── Information shown ──

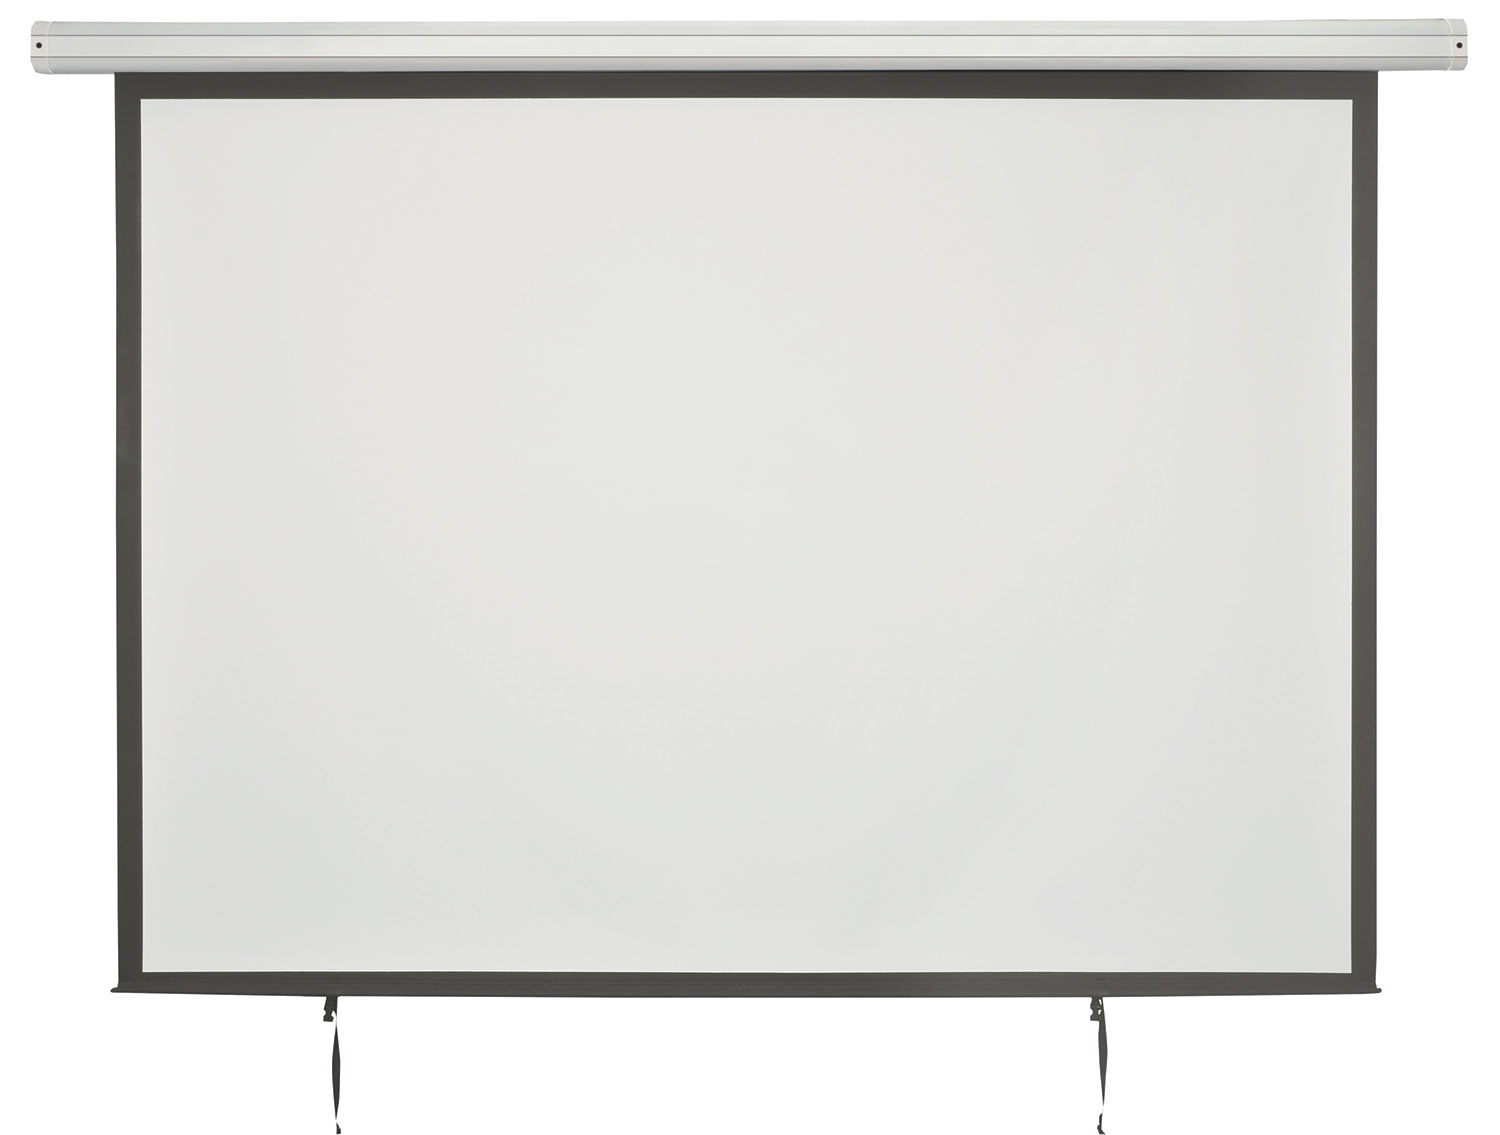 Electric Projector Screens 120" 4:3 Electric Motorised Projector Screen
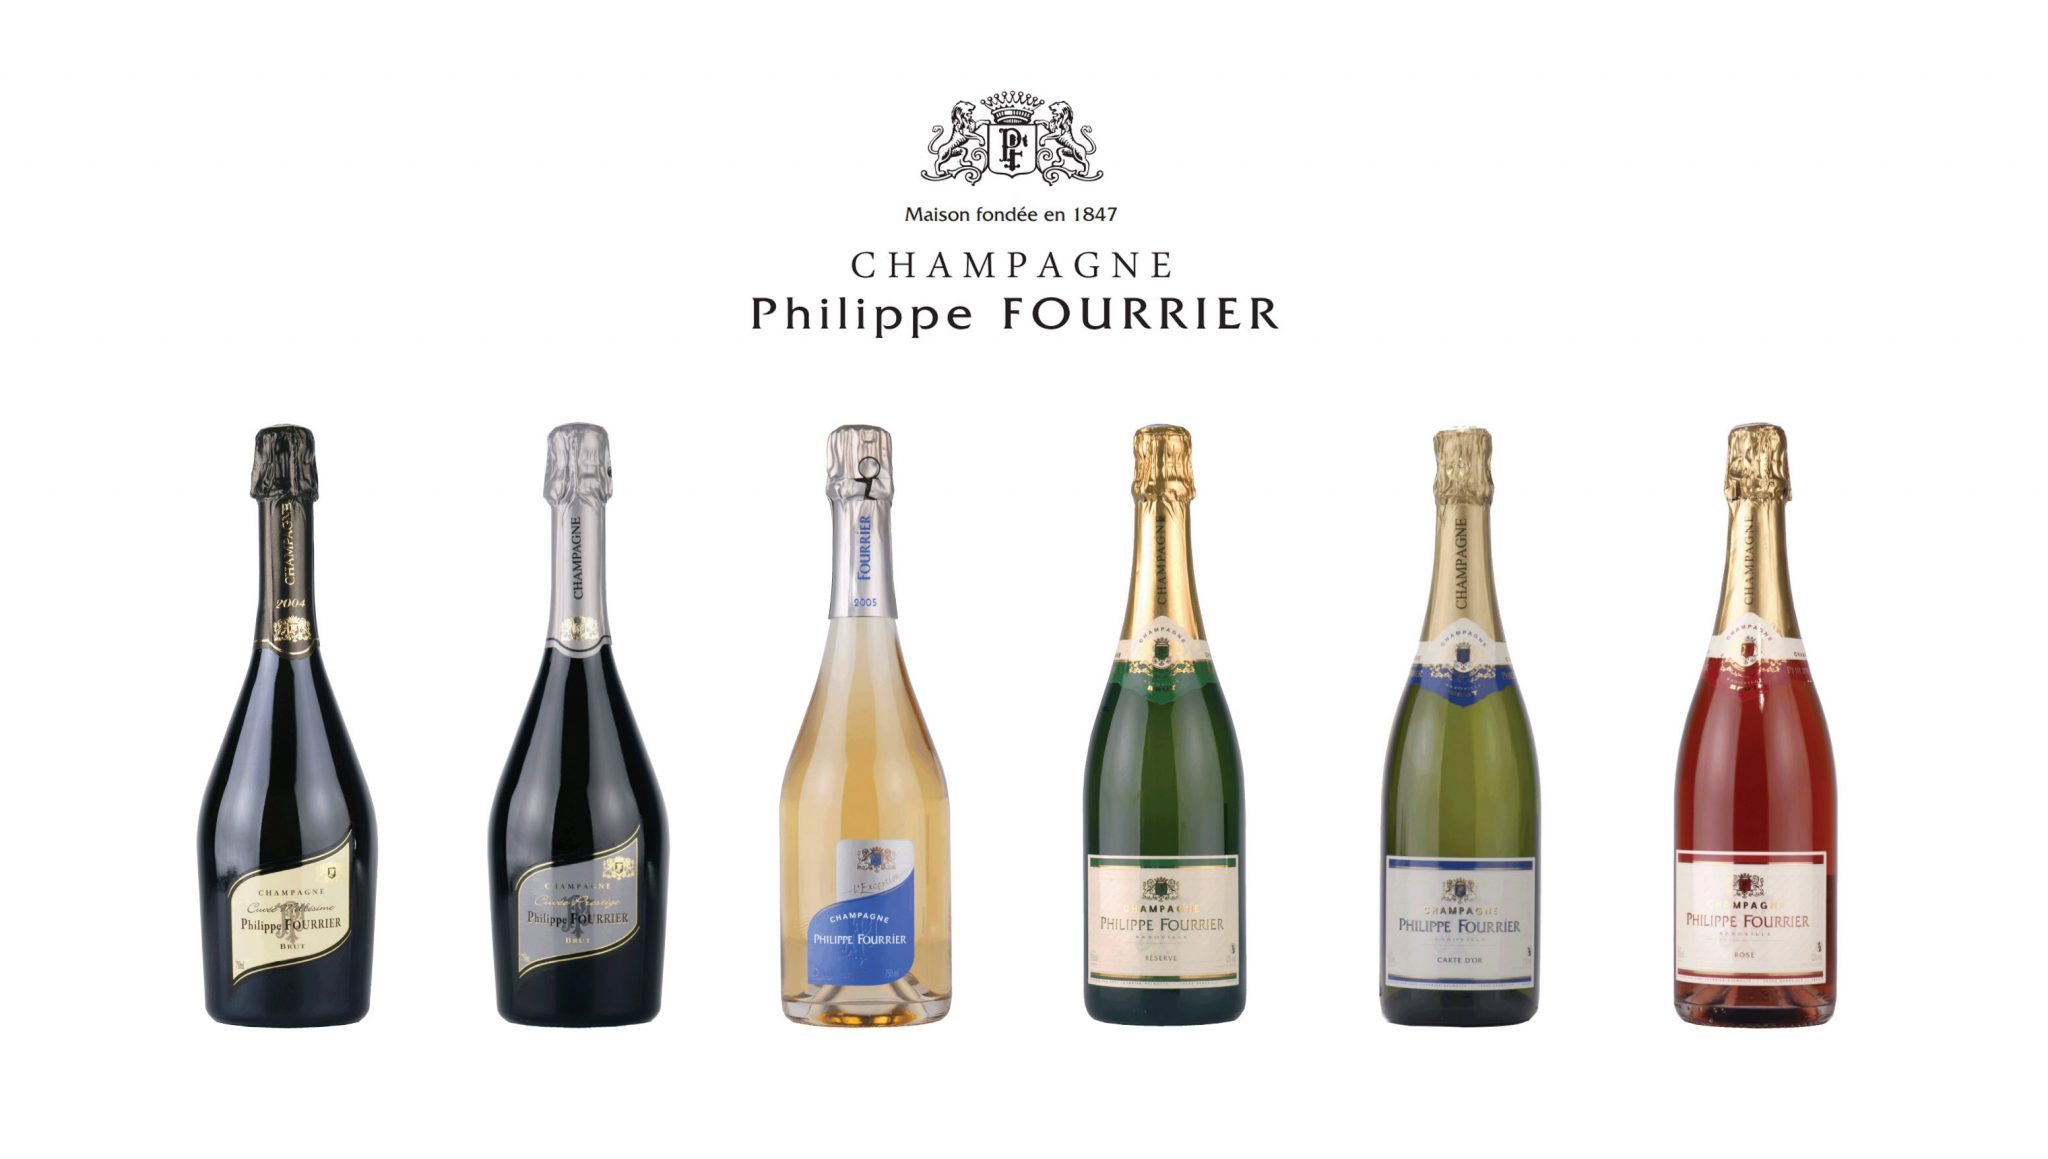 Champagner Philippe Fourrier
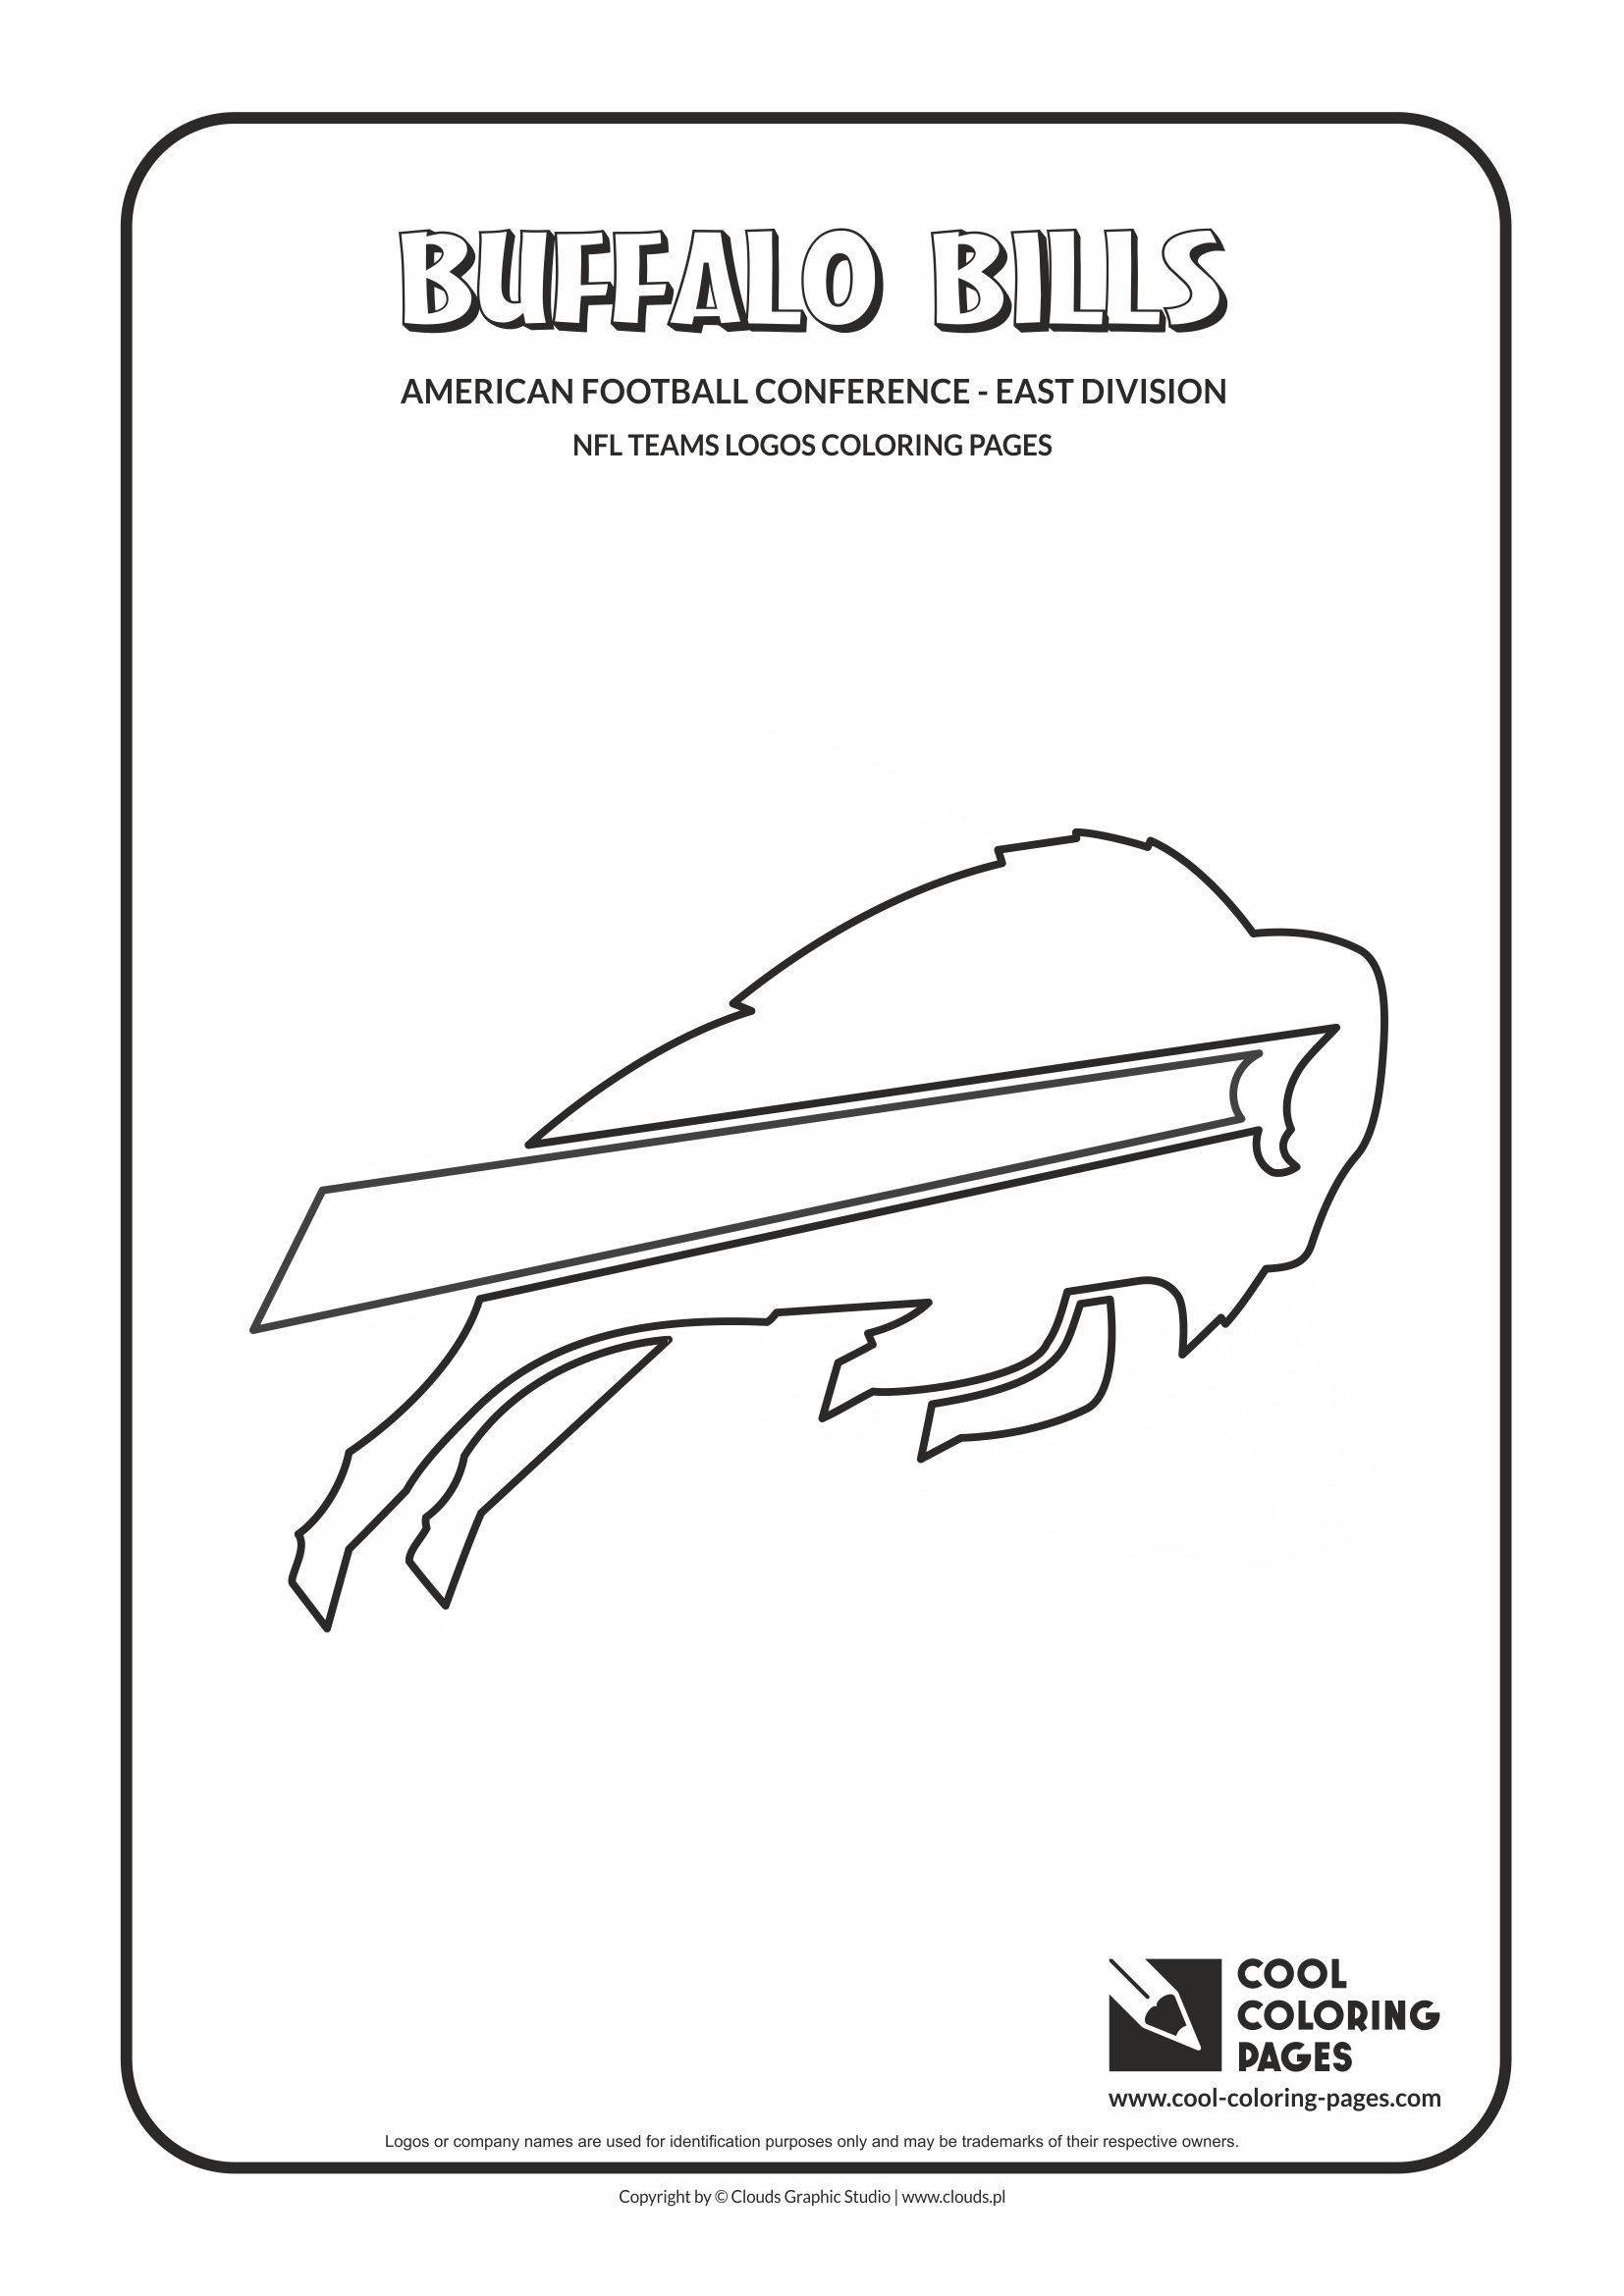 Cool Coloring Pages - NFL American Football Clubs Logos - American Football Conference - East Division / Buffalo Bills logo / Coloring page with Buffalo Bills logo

───

■ Your objective
Exactly as written, copy out the listing, but without any pictures.

■ Result for this task
 Electric Projector Screens 120" 4:3 Electric Motorised Projector Screen
 Champagner Philippe Fourrier
 Cool Coloring Pages - NFL American Football Clubs Logos - American Football Conference - East Division / Buffalo Bills logo / Coloring page with Buffalo Bills logo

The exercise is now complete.